Subset Motivation: We believed the server and client performance tests would be highly dependent on our choice of platform, and so would be limited in its relevance and accuracy in duplicating the original conditions. Duplicating the performance evaluation might illuminate how libraries and hardware optimizations have changed the relative performance of different cipher suites since then. However, we decided that an update to the TLS deployment survey would directly illuminate how impactful this paper has been, if indeed ECC is more widely adopted and DHE misconfigurations are less common. There are already several SSL scanners such as SSL Labs’ SSL Pulse and Hubert Kario’s yearly survey that survey for known vulnerabilities and oudated TLS versions. However, they do not analyze for the specific key strength mismatch identified in this paper.
Forward Secrecy Statistics 2017 HABJ'14 ------------------------------------------------------------ Forward Secret Hosts 448357 (98.65%) >74% Total TLS Hosts: 454489 Weak DH Parameters 55260 (23.44%) 82.9% Total DHE hosts 235753 283,647
We found that support for forward secrecy is near universal among TLS hosts, now over 98%, mostly due to widespread adoption (over 97%) of ECDHE. The number of DHE hosts has declined slightly, but encouragingly, the portion that have weaker DH parameters than their public authentication key has declined from 82.9% to 23.52%. The distribution of these keys are plotted above
Key exchange method support on TLS servers Method Hosts HABJ'14 IMC'07 -------------------------------------------------------- RSA 336,146 (73.96%) 473,688 (99.9%) 99.86% DHE 235,570 (51.83%) 283,647 (59.8%) 57.57% ECDHE 443,203 (97.52%) 85,070 (17.9%) Total Hosts: 454,489
Key Exchange Protocols (Table II) The original paper found that nearly all sites supported RSA key exchange, and only 17.9% supported ECDHE. We found that it has shifted significantly in favor of ECDHE, and a slight decline in sites supporting DHE.

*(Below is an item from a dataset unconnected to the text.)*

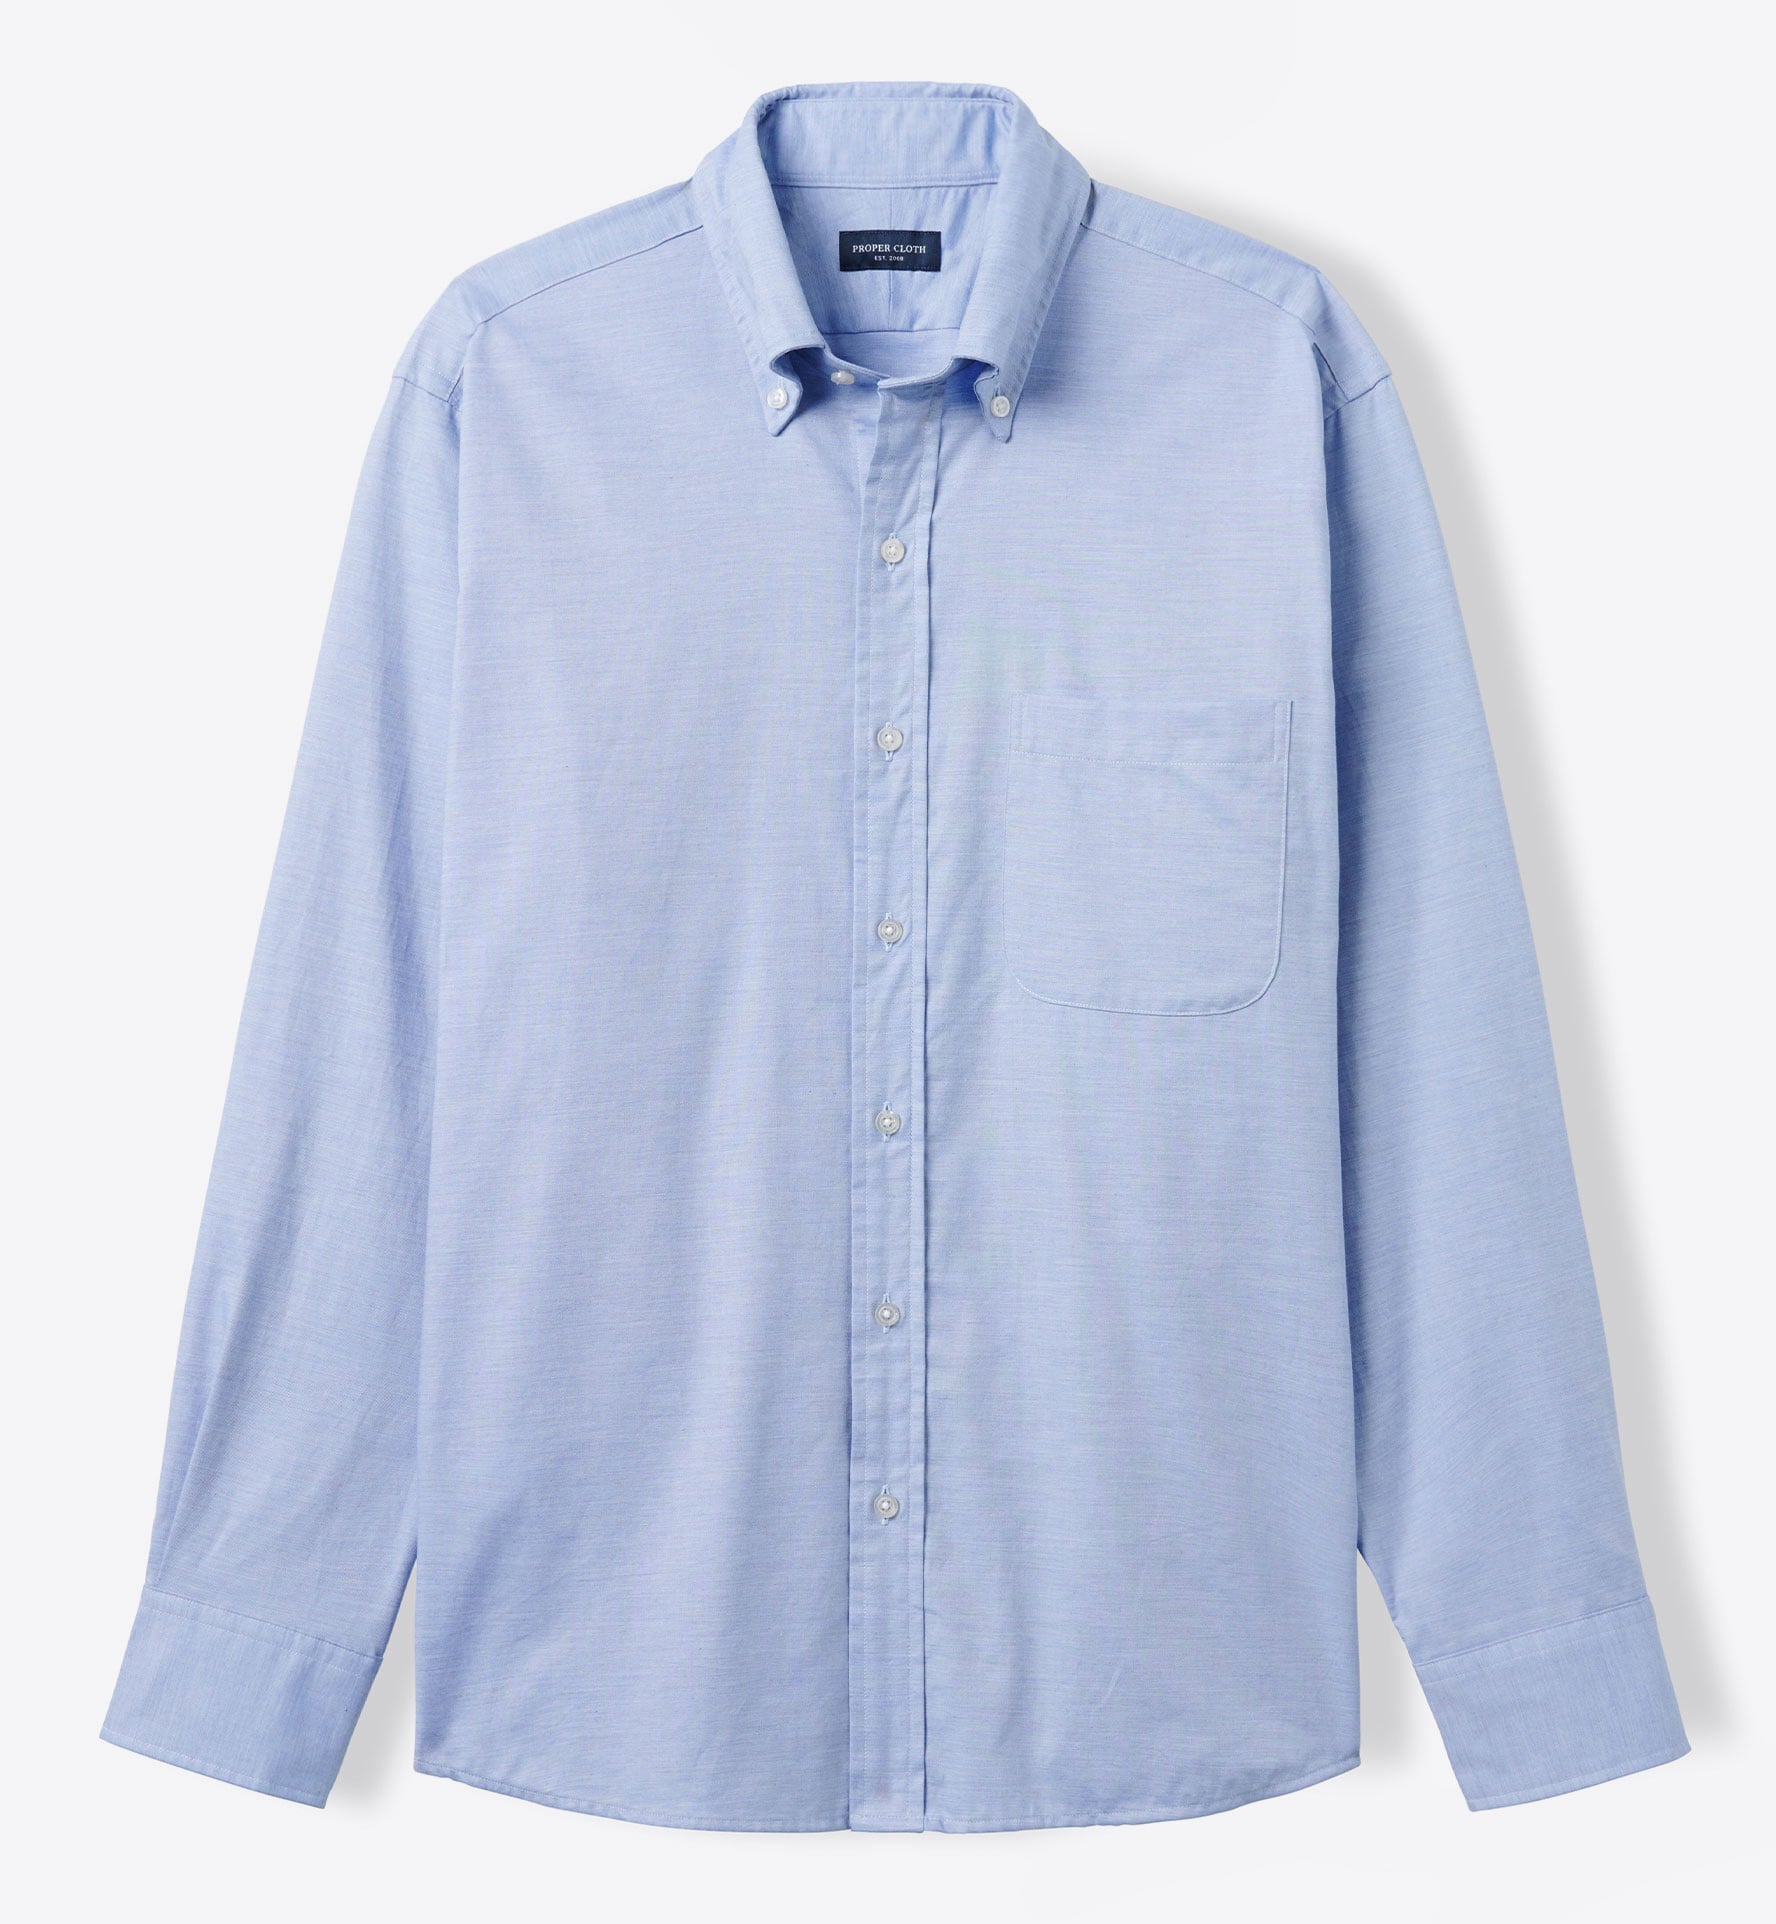 Light Blue Melange Lightweight Oxford Shirt by Proper Cloth
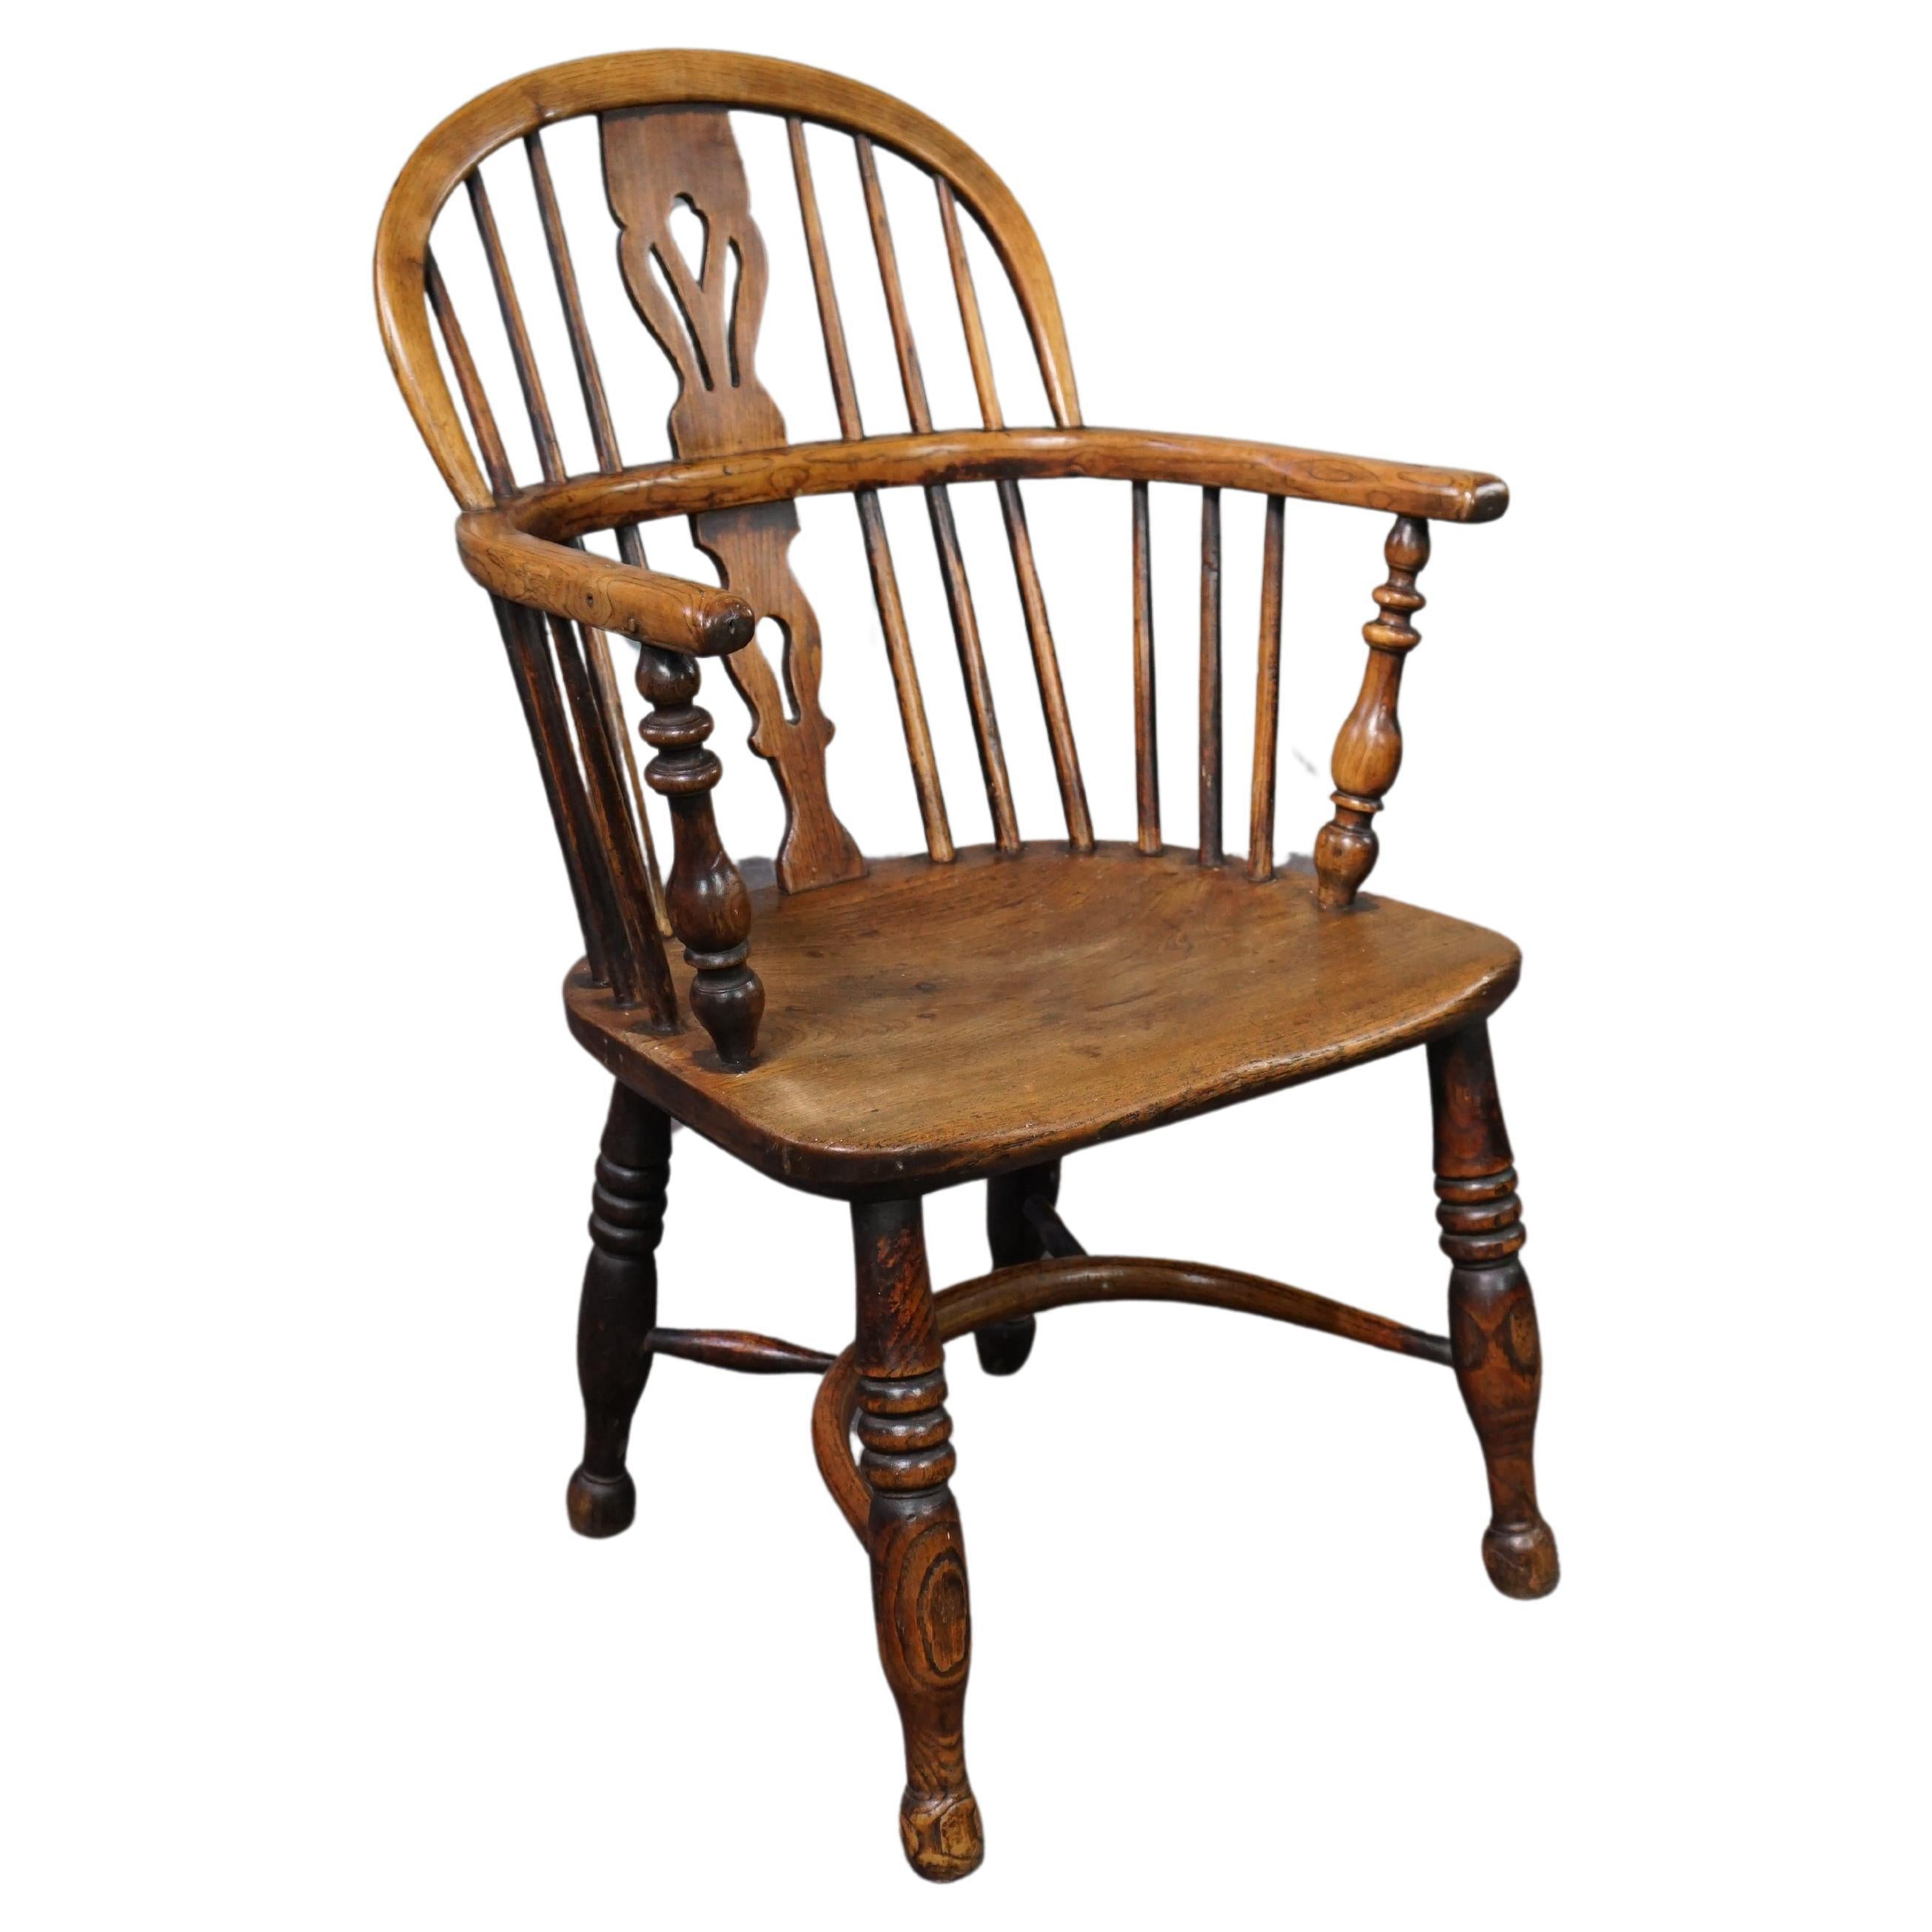 Ancienne chaise/chaise Windsor anglaise, dossier bas, 18e siècle

Diffie-Hellman parameter size support for DHE key exchange Size(bits) Hosts HABJ'14 ------------------------------------------ ≤768 183 (0.08%) 97,494 (34.3%) 1024 51,486 (21.84%) 281,714 (99.3%) 2018 2 (0.00%) 0 2046 1 (0.00%) 0 2048 16,5847 (70.35%) 859 (0.3%) 2096 1 (0.00%) 0 2236 16 (0.01%) 0 2432 3 (0.00%) 0 2560 1 (0.00%) 0 3072 168 (0.07%) 0 4086 1 (0.00%) 0 4092 1 (0.00%) 0 4094 1 (0.00%) 0 4096 18,069 (7.66%) 14 (0.0%) 8192 9 (0.00%) 0 Total DHE Enabled Servers: 235753
DH Key parameters (Table III) Whereas the original paper found that most (99.7%) sites used DH parameters of 1024 bits or less, we found that over 70% of sites now use 2048-bit DH parameters.
Elliptic curves used for ECDHE key exchange Curve Hosts ------------------------------ sect233r1 0 (0.00%) 3,123 (3.6%) secp521r1 0 (0.00%) 73 (0.0%) sect163r2 0 (0.00%) 26 (0.0%) secp224r1 0 (0.00%) 3 (0.0%) secp384r1 9,579 (2.16%) 86 (0.1%) secp521r1 8,033 (1.81%) 73 (0.0%) secp256k1 1 (0.00%) 0 secp192r1 0 (0.00%) 1, (0.0%) secp256r1 426,379 (96.20%) 81,789 (96.1%) sect571r1 91 (0.02%) 316 (0.3%) brainpoolP512r1 6 (0.00%) 0 Total EC Key Exchange Servers: 443,203
There continues to be significant lack of diversity in the choice of elliptic curve,, dominated by secp256r1
Authentication method support on TLS servers Method Hosts HABJ'14 IMC'07 -------------------------------------------------------- RSA 388,908 (85.57%) 473,780 (99.9%) ≥99.86% Anonymous 0 (0.00%) 7,750 (0.0%) 0.02% DSA 0 (0.00%) 22 (0.0%) ECDSA/ECDH 91,044 (20.03%) 3 (0.0%)
There has been a significant increase in the use of ECC signing for certificates. The lack of anonymous authentication found may be due to OpenSSL deprecating those ciphers.
RSA key sizes of TLS server certificates Size (bits) Hosts HABJ'14 IMC'13 IMC'07 --------------------------------------------------------------------------- ≤ 512 4 (0.00%) 350 (0.0%) 0.1% 3.94% 513 - 1023 0 (0.00%) 20 (0.0%) 0.0% 1.42% 1024 395 (0.10%) 87,760 (18.5%) 10.5% 88.35% 1025 - 2047 0 (0.00%) 20 (0.0%). 0.7% 0.01% 2048 362,845 (93.30%) 374,294 (79.0%) 86.4% 6.14% 2049 - 4095 244 (0.06%) 251 (0.0%) 0.0% 0.00% 4096 25,411 (6.53%) 11,093 (2.3%) 2.3% 0.19% ≥ 4097 12 (0.00%) 22 (0.0%) 0.0% 0.00%
Not wholly unexpected, 1024 bit RSA certificates are largely deprecated.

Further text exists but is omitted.